I'd missed too much of their conversation and assumed the entirely wrong meaning to my mother's words, a great burst of rare laughter exploding out of me.
"He's not about to choose me, no matter what we manage with my hair," I gusted out, eyes wide.
And it struck me, as they both wore puzzled and slightly disturbed expressions in response, that they'd never believed so either.
"Hugh Gamesby won't have Adelaide, and—"
"Hugh Gamesby won't have me either," I said.
And once again, their faces said I was being obvious. Hugh wasn't as strong or huge as the alpha, but he was as handsome, fair and elegant like Adelaide rather than dark and burly like Lord Ronson Cadogan. Hugh and Adelaide would've made exquisite babies, and now I wondered what she would have instead. She and the alpha were so different in appearance, and she was slight. Her labors would be hard.
"There's going to be a great shuffling about, you mark my words," my mother continued, shooing away my comments like flies buzzing about her head. "I really do think our little Mouse could come out…well, maybe with a bit of our help, she might land George Hardaway."
I turned my head to gaze out the window of the carriage, hiding my wince. Not at George Hardaway—he would be an improvement, although still rather unlikely to choose me. No, I just hated when my parents called me "Mouse" too.
"And have me break my word with Mr. Evans? Gwennie, it's bad form, not to mention…well, not possible," my father said. He shot me a sympathetic glance, and I suspected we were thinking the same thing.

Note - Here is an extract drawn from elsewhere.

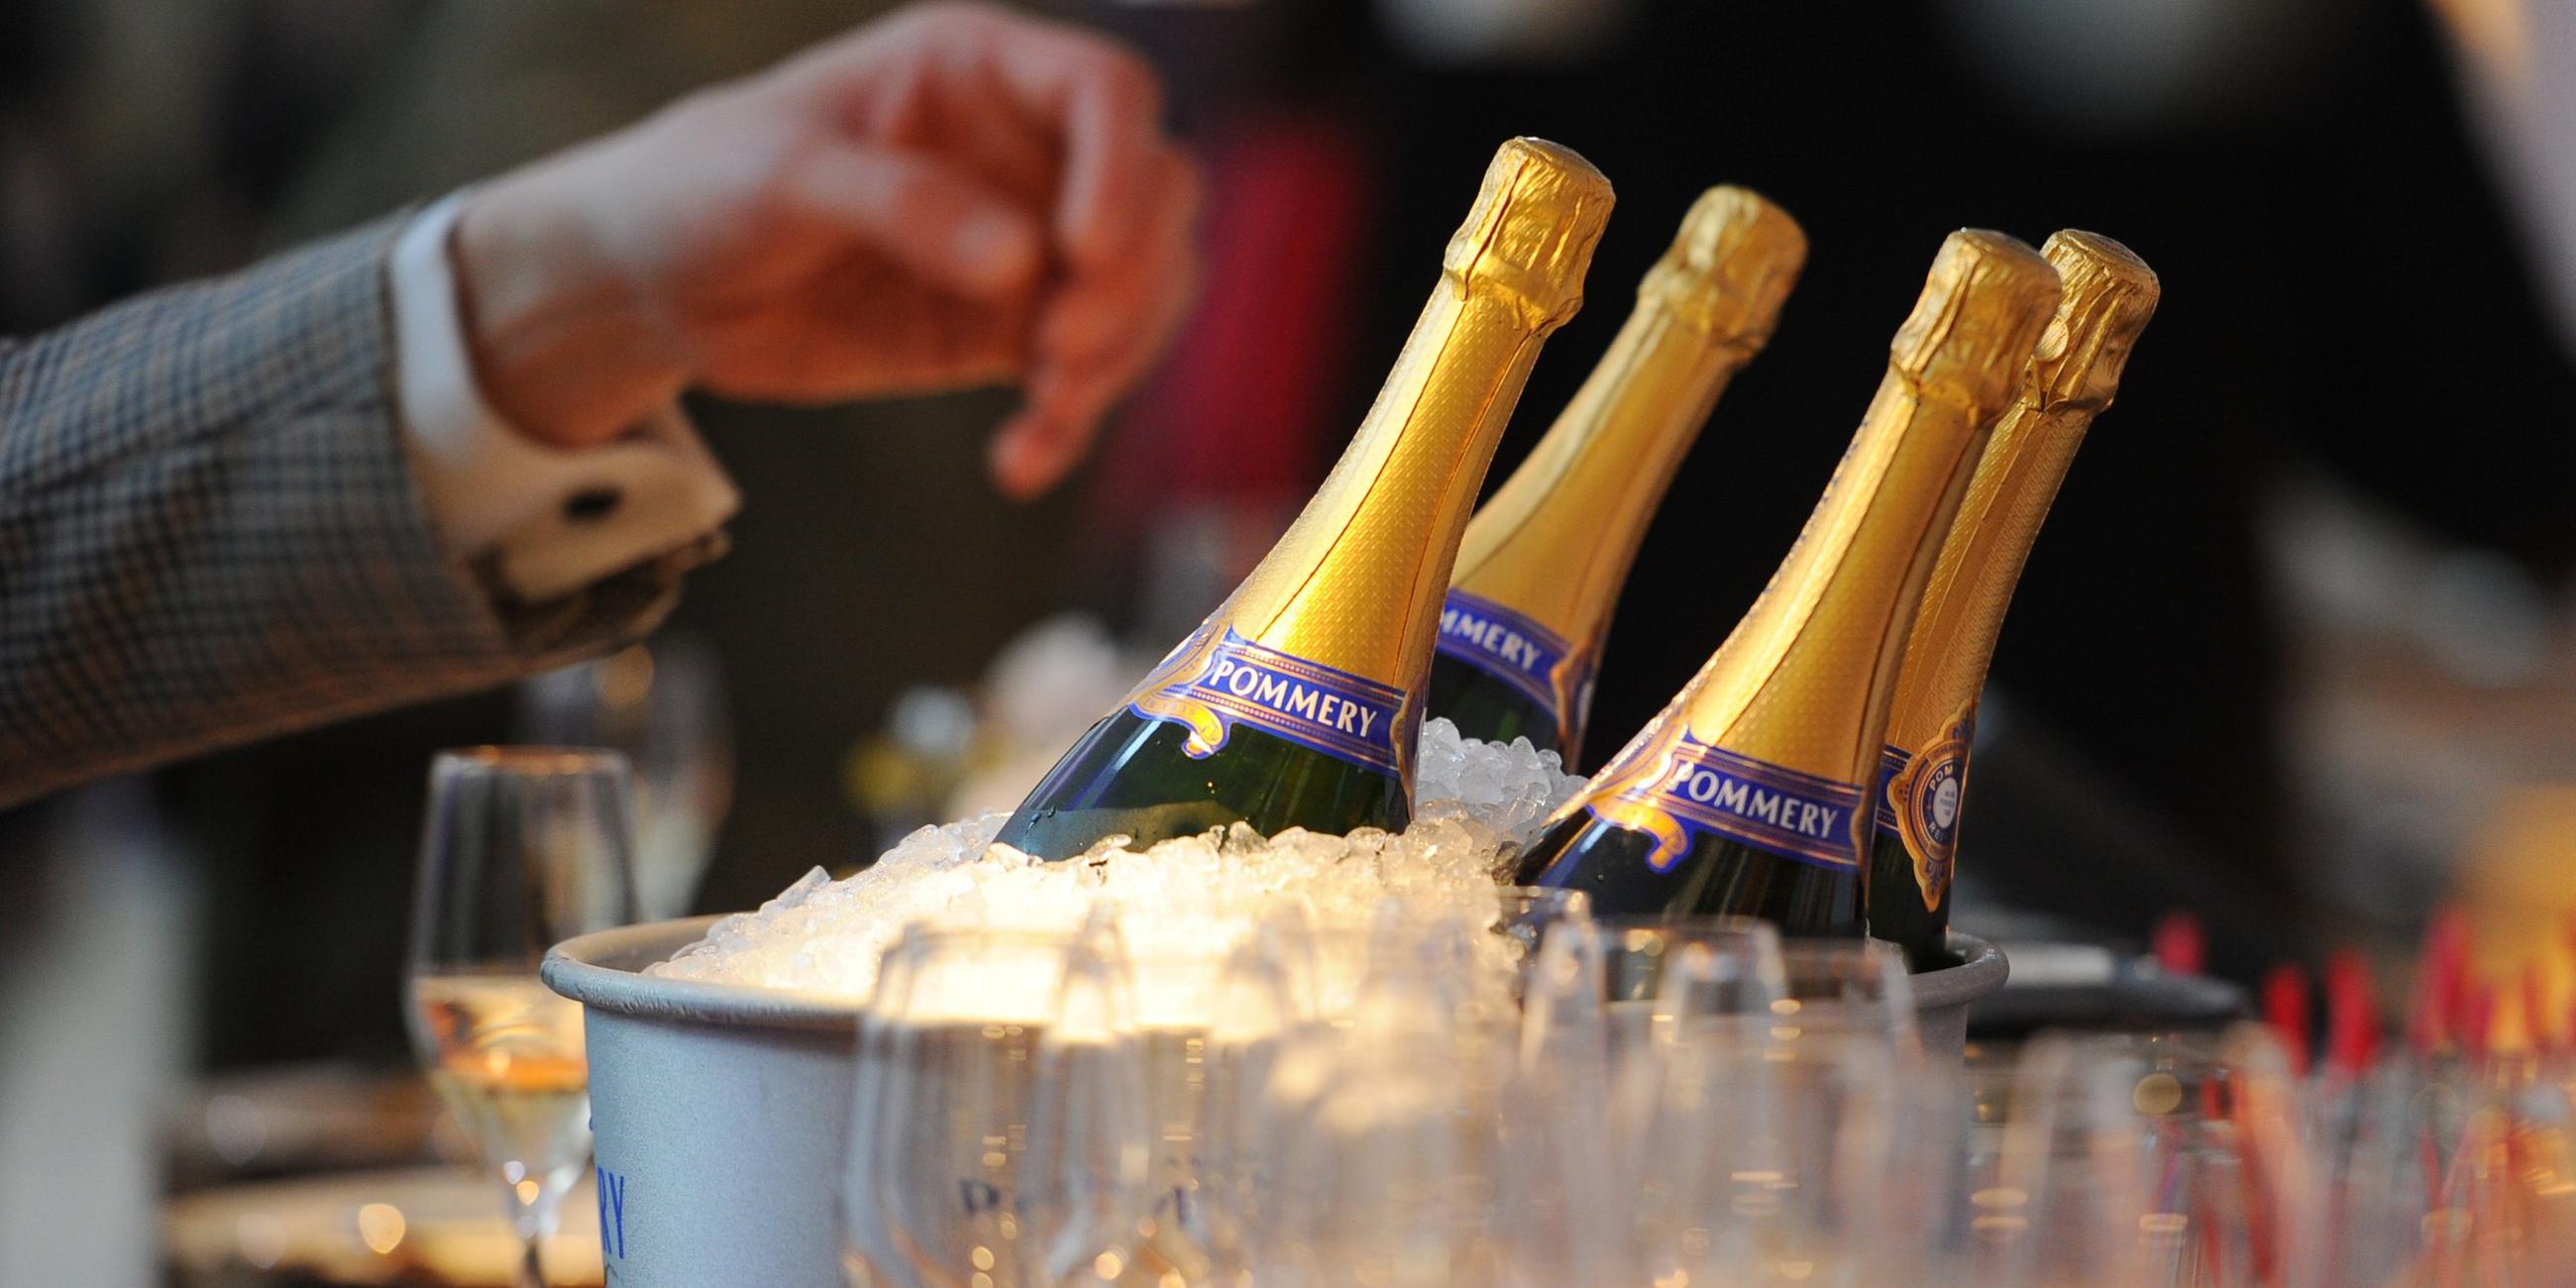 Vier Champagnerflaschen stehen auf einem Tisch in einem Champagnerkühler neben einigen Gläsern.

George Hardaway wouldn't ask for me. Not even if Adelaide being pulled from the ranks did send the omegas toppling down the line like dominoes, rearranging all the fresh courtships that had started to bud with the approach of the rut selection.
"If things are rearranged, I'm more likely to lose Mr. Evans than gain one of the others," I said, trying not to sound too hopeful.
My mother let out a wounded noise, but it wasn't for my sake. She just didn't want to face the truth.
"The matter is settled. You're not losing Mr. Evans," Father said, as if it could reassure me. "And we're not breaking our word to him. The deal is done."
I held my father's gaze, and it was like looking in a mirror. I had too many of his features, and too few of my mother's. He was handsome, of course, but even her bow lips would've made my face more cherubic. No, all I had from my mother was good hips and high cheekbones. It was not enough, not for what she wanted from me.
The carriage stopped in front of the house, and I let myself down before my father or the driver could help. The night was cool, a relief on my hot cheeks.
"Perhaps we should've put her out a few months early," Mother whispered.
"No, Gwennie. Even if he had chosen her then, she'd likely be dead by now. She was too young."
Why didn't he tell her the truth? If by some miracle or poor judgment Lord Cadogan had snapped me up when I was sixteen, my father would never have been able to wager me off to Mr. Evans. A deal Father would never break, because the money made was already in the process of being spent on our keeping a carriage and a driver at all. On repairing the roof so my mother wasn't dripped on.
Father's family fortune had been dwindling for years, and his income had been lost before my birth, when the current Alpha Cadogan had put a stop to indentured servitude. I'd only heard my parents whispering about the state of our finances a few years ago, and the revelations had come with a sick kind of relief. I would rather we be poor than be dressed in finery paid for by the trade of human flesh and labor.
So we could not afford to lose Mr. Evans. Or rather, my parents couldn't. And with the burden of me gone, the load would be lighter for them. That was good too.
I marched into the house, leaving them to their discussion. They loved one another, as dragonkin couples rarely did. My father had not only chosen my mother after a rut selection decades ago, but he'd kept her at his side all this time, without ever receiving a beta heir. Most gentlemen of dragonkin would've traded their omega in for a new one by now. But not Father. He loved my mother and was sincerely loved in return. They loved me too, I was sure. I was just not quite what I ought to be. I never had been.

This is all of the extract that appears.